Im Fall zulässiger Ersatzbeschaffung kann der Geschädigte von dem Schädiger den Wiederbeschaffungswert Zug um Zug gegen Herausgabe des beschädigten Unfallwagens verlangen. Trifft ihn eine Mitverantwortung für den Schadensfall, kann er den Wiederbeschaffungswert sowie Zustimmung zu einer von ihm beabsichtigten, wirtschaftlichen Verwertung verlangen, Zug um Zug gegen Einräumung von Miteigentum an dem Unfallwagen (bis zur Erfüllung des Verwertungsgeschäfts).

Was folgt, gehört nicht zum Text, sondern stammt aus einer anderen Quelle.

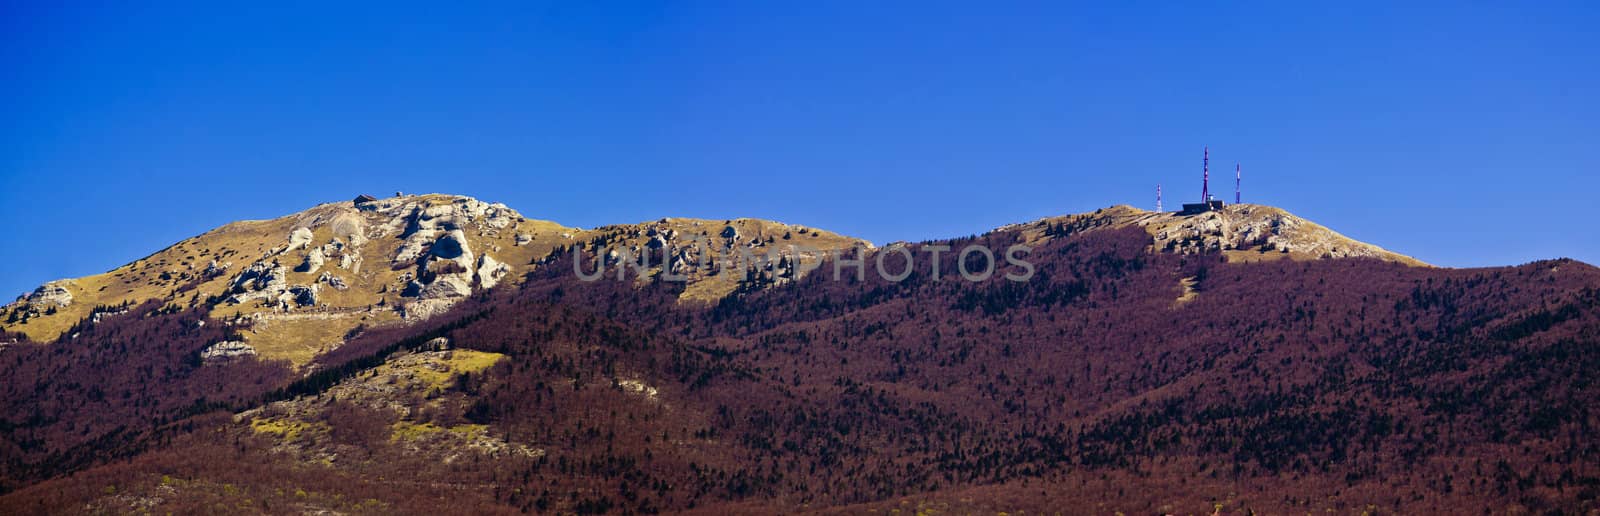 Licka Plesevica mountain peak panorama by xbrchx

Die dargestellte Lösung mag dem Geschädigten Anlass geben, die Andienung des Unfallwagens häufiger in Betracht zu ziehen als derzeit praktiziert. Das gilt im Grundsatz auch für die – höchstrichterlich allerdings noch nicht geklärten – Fälle der Mitverantwortlichkeit. Freilich erscheint eine Verwertungsgemeinschaft von Schädiger und Geschädigtem auf den ersten Blick kompliziert und unflexibel. Der Geschädigte unterwirft sich z.B. wegen einer etwaigen Weiterbenutzung des Fahrzeugs bis zur Verwertung der Mitbestimmung des Schädigers, und der Schädiger muss, wenn er Miteigentum beansprucht, auch sein Miteigentümerrisiko – z.B. eine Störerverantwortung – absichern. Auch wird der Abschluss und Vollzug des Verwertungsgeschäfts durch mehrere Beteiligte auf Veräußererseite nicht einfacher. Der Geschädigte muss diese sperrige Konstruktion allerdings kaum fürchten. Denn viel spricht dafür, dass ihm der Schädiger ein praktikables und auf eine optimale Verwertung ausgerichtetes Schadensmanagement anbieten wird. Die Gemeinschaft ist von der Interessengleichrichtung der Teilhaber geprägt. Der in die Verwertungsverantwortung eingebundene Schädiger hat ein originäres eigenes Interesse an einer möglichst günstigen Verwertung. Die Kfz-Haftpflichtversicherung verfügt über einschlägige Markt- und Fachkenntnisse und steht gegenüber ihren Beitragszahlern mindestens in einer moralischen, gegenüber ihren Anteilseignern sogar in einer rechtlichen Pflicht zur sparsamen Schadensregulierung. Deshalb muss sie sich ganz maßgeblich bemühen, zum Gelingen der Verwertung beizutragen.
Der Aufbau eines eigenen Verwertungsmanagements wird für die Kfz-Haftpflichtversicherung – und ihre Beitragszahler – mit Kosten verbunden sein. Allerdings bietet ein geeignetes Schadensmanagement auch Chancen im beiderseitigen Interesse. So kann die Versicherung etwa für die Inanspruchnahme besonders günstiger Angebote überregional tätiger Restwertaufkäufer sorgen, die der Geschädigte im Rahmen seiner allgemeinen Schadensminderungspflicht nach § 254 BGB nicht annehmen müsste. Bietet der Versicherer im Rahmen einer bestehenden Verwertungsgemeinschaft beispielsweise die Übernahme der Abwicklung eines solchen Geschäfts an, wird sich der Geschädigte kaum dagegen verwahren können. Auch dürfte es den Geschädigten im Rahmen einer Verwertungsgemeinschaft und der mit ihr verbundenen Pflichtenstellung regelmäßig nicht überfordern, wenn der Schädiger ihn um Lichtbilder seines Fahrzeugs für die Einstellung in eine Restwertbörse bittet. Die Versicherung wäre dann nicht auf die Nutzung der Fotos des Sachverständigen angewiesen.
Im Ausgangsfall hätte G danach die Zustimmung zu einer Verwertung bei dem günstigsten für ihn erreichbaren Anbieter verlangt. H hätte zum einen versuchen können, in einer Restwertbörse unter Verwendung von Fotos des G ein günstigeres Angebot zu erzielen. Zum anderen hätte H selbst versuchen können, A zu erreichen und den Vertrag mit Zustimmung des G abzuschließen. Sollten sich bei der Vertragsabwicklung Schwierigkeiten ergeben, stünde G nicht allein, sondern hätte mit H eine rechtskundige und finanzkräftige Versicherung an seiner Seite.